[Requirement] Restate the listing below word for word, and leave its pictures behind.
-=-=-=-=-
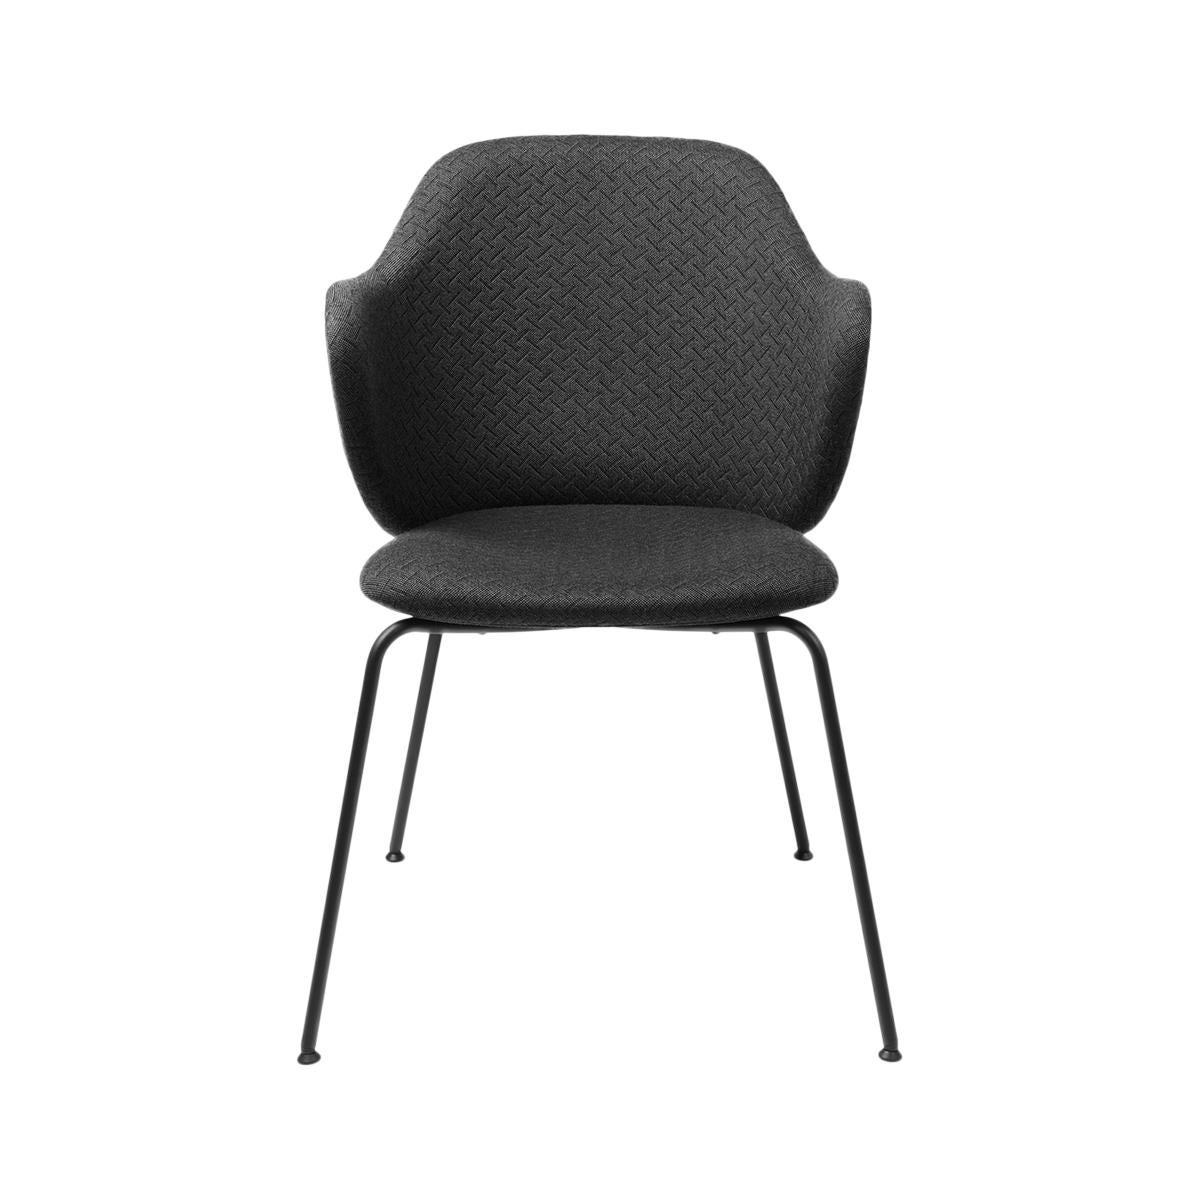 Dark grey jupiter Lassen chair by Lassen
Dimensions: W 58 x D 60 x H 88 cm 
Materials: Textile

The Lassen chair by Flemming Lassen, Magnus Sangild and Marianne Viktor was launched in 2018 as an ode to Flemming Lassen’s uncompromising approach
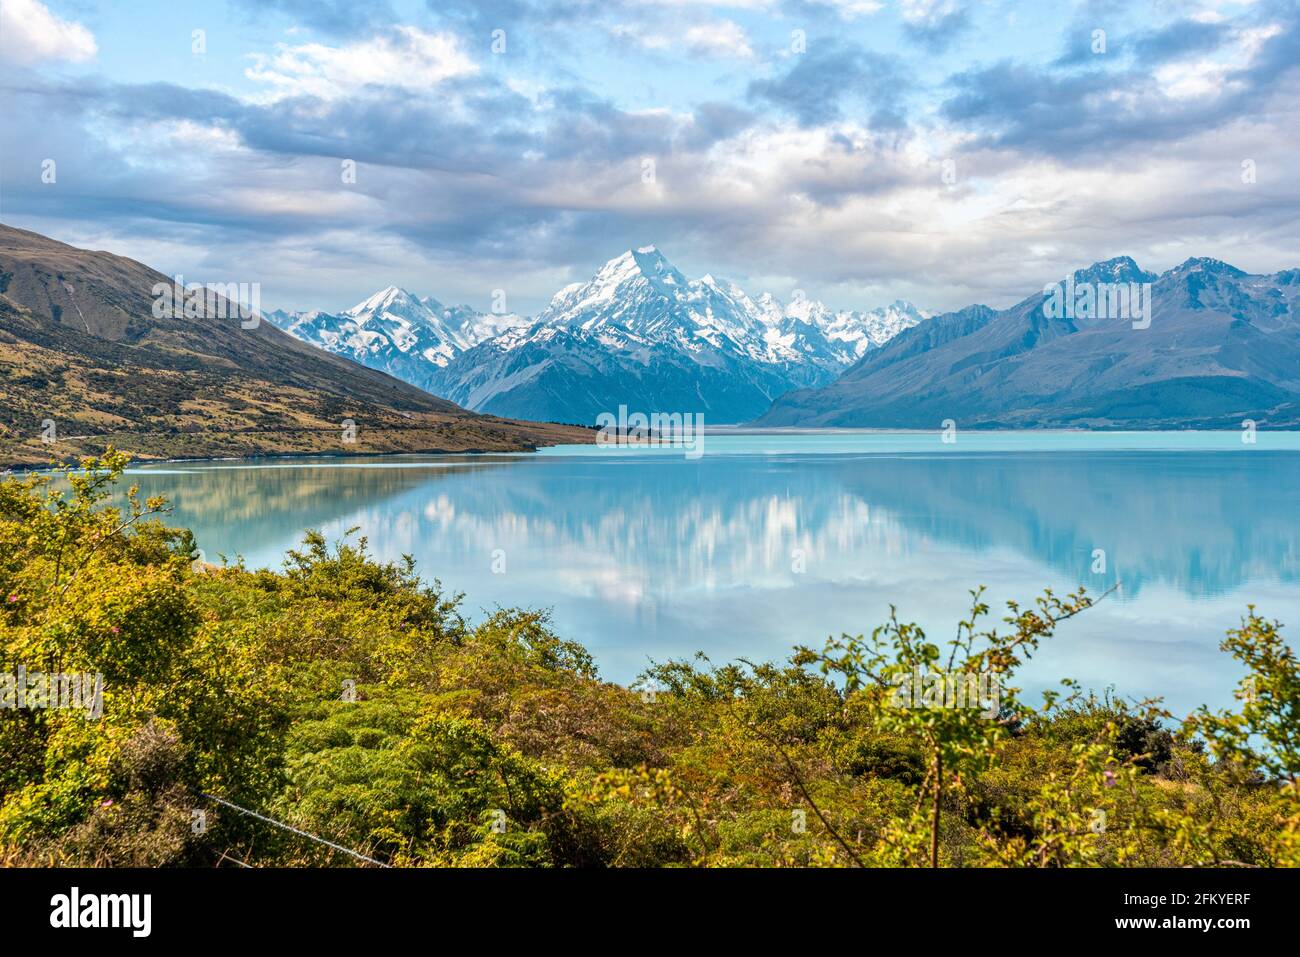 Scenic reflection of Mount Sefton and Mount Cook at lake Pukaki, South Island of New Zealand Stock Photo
-=-=-=-=-
[Solution for this problem]
 Dark grey jupiter Lassen chair by Lassen
Dimensions: W 58 x D 60 x H 88 cm 
Materials: Textile

The Lassen chair by Flemming Lassen, Magnus Sangild and Marianne Viktor was launched in 2018 as an ode to Flemming Lassen’s uncompromising approach
 Scenic reflection of Mount Sefton and Mount Cook at lake Pukaki, South Island of New Zealand Stock Photo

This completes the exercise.